What backlash have you gotten for joining breaking the silence from friends and family and the wider community?
I am fortunate to have a supportive family, even amongst those members who do not share all of my opinions. Most Israelis want to live in a country that upholds the highest moral values. Most Diaspora Jews want Israel to do the same. The political fringes may prefer to run slanderous or threatening campaigns against us, but those who come in contact with us overwhelmingly understand and appreciate the work we do and our commitment to Israel’s future.

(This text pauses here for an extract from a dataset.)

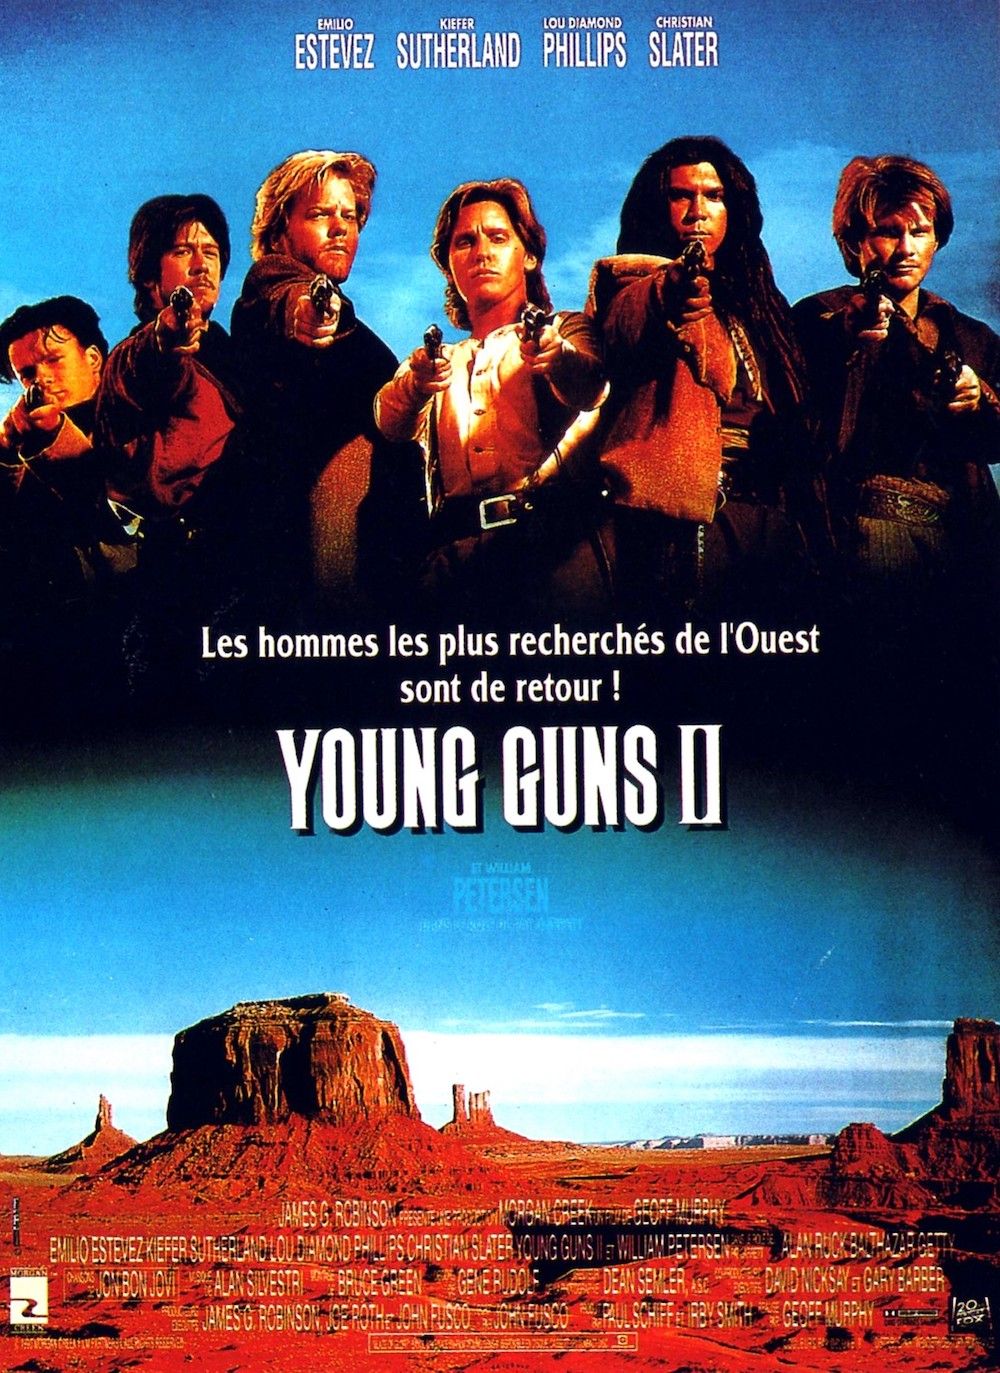 1990 Young Guns II

Has BTS itself ever reported any of the allegations it raises to Israel’s Military Attorney General? If not, why not?
We do not see ourselves as having a role in disciplining individual soldiers; our concern is not with the individuals who in many cases are following lawful orders. Our mission is to expose the realities of the indignity and injustice in occupying people for more than 50 years, including the heavy price paid by Israeli servicemen and women and Israeli society more broadly, with the ultimate goal of bringing about a change of government policy and ending the occupation. It is the government, not the IDF, that has the power to make these changes, and so advocating against the government’s current policy is our focus.
While our mission does not bring us to try to indict soldiers, it is clear that the military legal system is deeply inadequate. Israeli NGO “Yesh Din” recently published that in 2016, some 300 complaints were filed against Israeli soldiers who harmed Palestinians. 40% of these complaints involved shooting and 34% involved other violent incidents. Of the complaints filed, only 5 led to indictments, while 79% of complaints were never even investigated.